Nolan West (born September 30, 1990) is an American politician serving in the Minnesota House of Representatives since 2017. A member of the Republican Party of Minnesota, West represents District 32A in the northern Twin Cities metropolitan area, which includes the city of Blaine, Ham Lake, and parts of Anoka County.

== Early life, education, and career ==
West was raised in Blaine, Minnesota. He attended Meadow Creek Christian School in Andover (the year after he graduated, the school’s name was changed to Legacy Christian Academy).

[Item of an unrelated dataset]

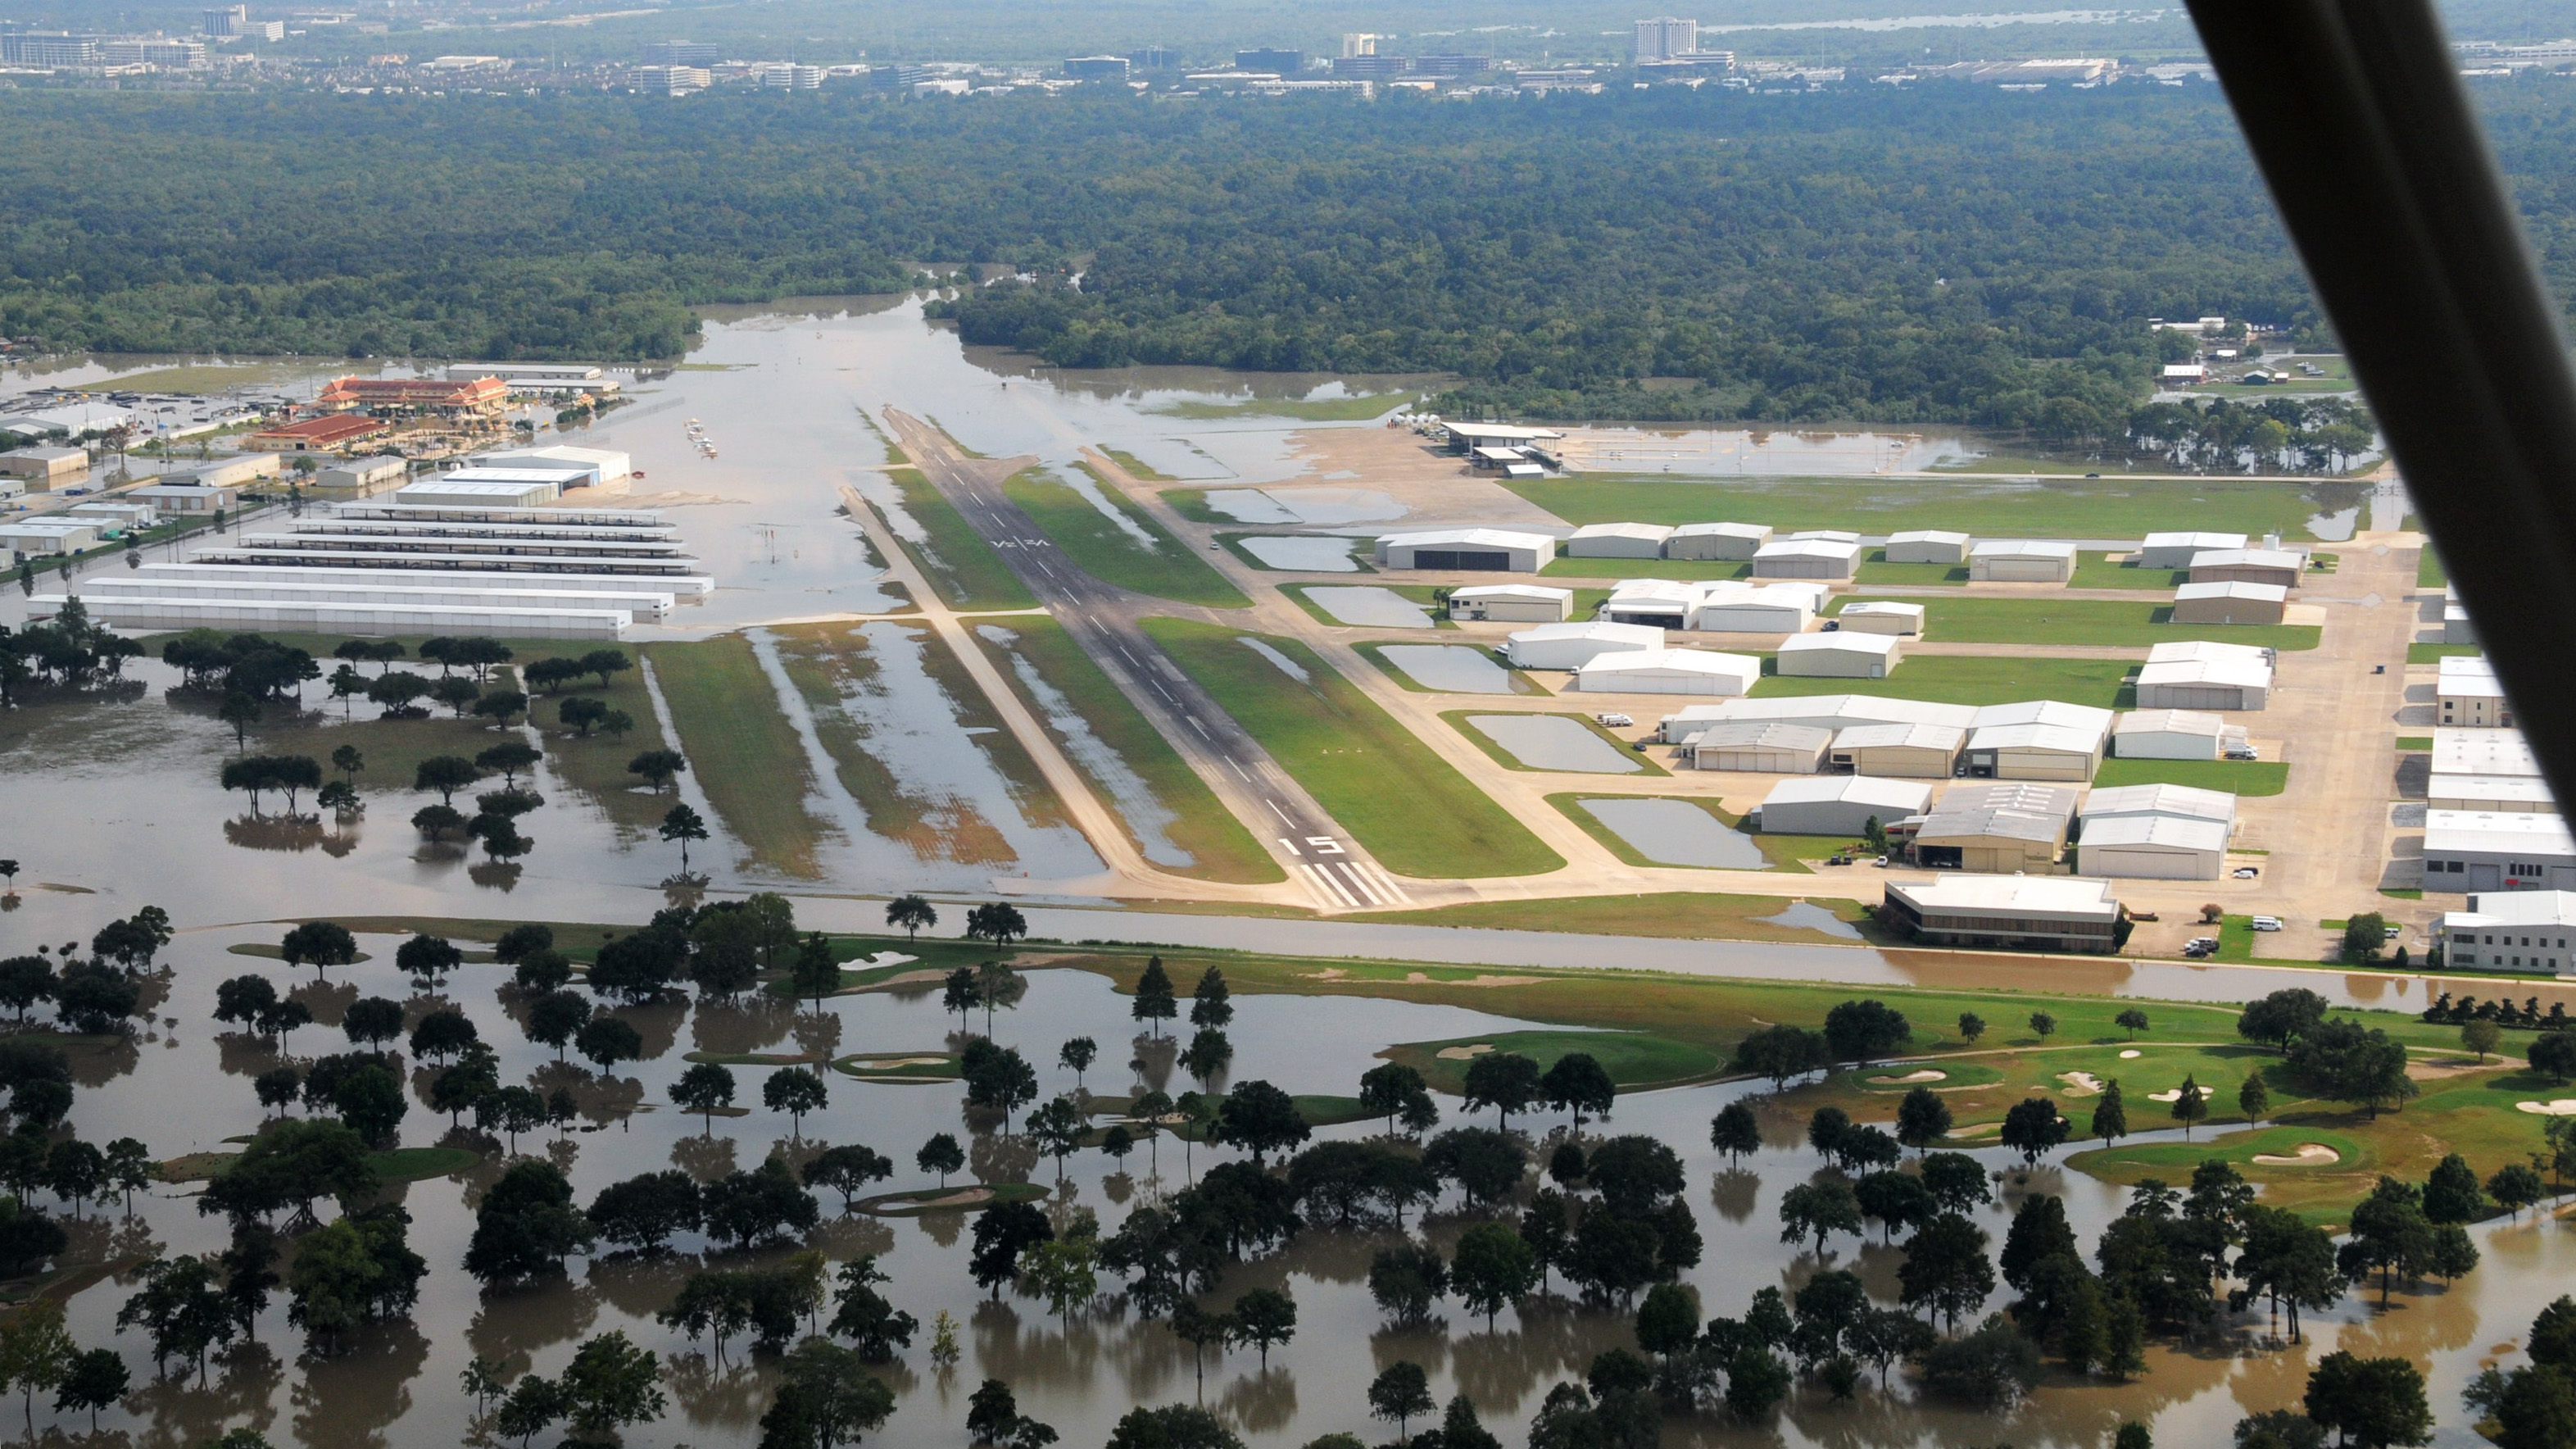 West Houston Airport after Hurricane Harvey. Photo courtesy of Jeffrey Weiss.

He graduated from the University of Minnesota with a Bachelor of Arts in history and a minor in political science. He was a legislative assistant for the Republican caucus in the Minnesota House of Representatives for almost two years until he resigned in September 2016 after reports of several racist posts he had made on Facebook.

== Minnesota House of Representatives ==
West was elected to the Minnesota House of Representatives in 2016, after incumbent Tim Sanders retired, and has been reelected every two years since. He serves as an assistant minority leader and sits on the Capital Investment, Education Finance, and Transportation Finance and Policy Committees.

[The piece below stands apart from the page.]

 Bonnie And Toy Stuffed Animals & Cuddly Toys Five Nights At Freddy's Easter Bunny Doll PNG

West's first session was the 90th legislative session (2017–18), in which he was chief author of 30 bills, most notably HF0187, HF0297, and HF1496, all of which addressed one of the main infrastructure issues of his district, Highway 65. No bill that West chief authored made it through committee; all were dead/failed.

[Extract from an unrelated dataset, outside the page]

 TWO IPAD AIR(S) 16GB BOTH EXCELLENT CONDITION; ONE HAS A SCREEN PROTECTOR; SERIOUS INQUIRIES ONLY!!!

Unlike most other members of the Republican caucus, West has been a strong supporter of legalizing recreational cannabis in Minnesota. During the 92nd Minnesota Legislature, he voted for HF600, a bill that would have legalized cannabis in the state, though it was not taken up by the Republican-controlled Senate. During the 93rd Legislature, West was one of five House Republicans who voted for HF100, which similarly legalized cannabis in the state; the bill was also passed by the DFL-controlled Senate and signed into law by Governor Tim Walz. West gave a 15-minute speech in support of the bill, comparing cannabis to other legal recreational drugs, such as nicotine and alcohol.

== Electoral history ==

2016 Minnesota State House - District 37B
| Party |  | Candidate | Votes | % |
|---|---|---|---|---|
|  | Republican | Nolan West | 11,473 | 50.26 |
|  | Democratic (DFL) | Susan Witt | 11,305 | 49.52 |
|  | Write-in |  | 49 | 0.21 |
| Total votes |  |  | 22,827 | 100.0 |
|  | Republican hold |  |  |  |

2018 Minnesota State House - District 37B
| Party |  | Candidate | Votes | % |
|---|---|---|---|---|
|  | Republican | Nolan West (incumbent) | 10,254 | 50.22 |
|  | Democratic (DFL) | Amir Joseph Malik | 10,101 | 49.47 |
|  | Write-in |  | 65 | 0.32 |
| Total votes |  |  | 20,420 | 100.0 |
|  | Republican hold |  |  |  |

2020 Minnesota State House - District 37B
| Party |  | Candidate | Votes | % |
|---|---|---|---|---|
|  | Republican | Nolan West (incumbent) | 14,328 | 52.40 |
|  | Democratic (DFL) | Amir Joseph Malik | 12,984 | 47.48 |
|  | Write-in |  | 33 | 0.12 |
| Total votes |  |  | 27,345 | 100.0 |
|  | Republican hold |  |  |  |

2022 Minnesota State House - District 32A
| Party |  | Candidate | Votes | % |
|---|---|---|---|---|
|  | Republican | Nolan West (incumbent) | 11,067 | 57.25 |
|  | Democratic (DFL) | Ashton Ramsammy | 8,247 | 42.66 |
|  | Write-in |  | 16 | 0.08 |
| Total votes |  |  | 19,330 | 100.0 |
|  | Republican hold |  |  |  |

== Personal life ==
West resides in Blaine, Minnesota.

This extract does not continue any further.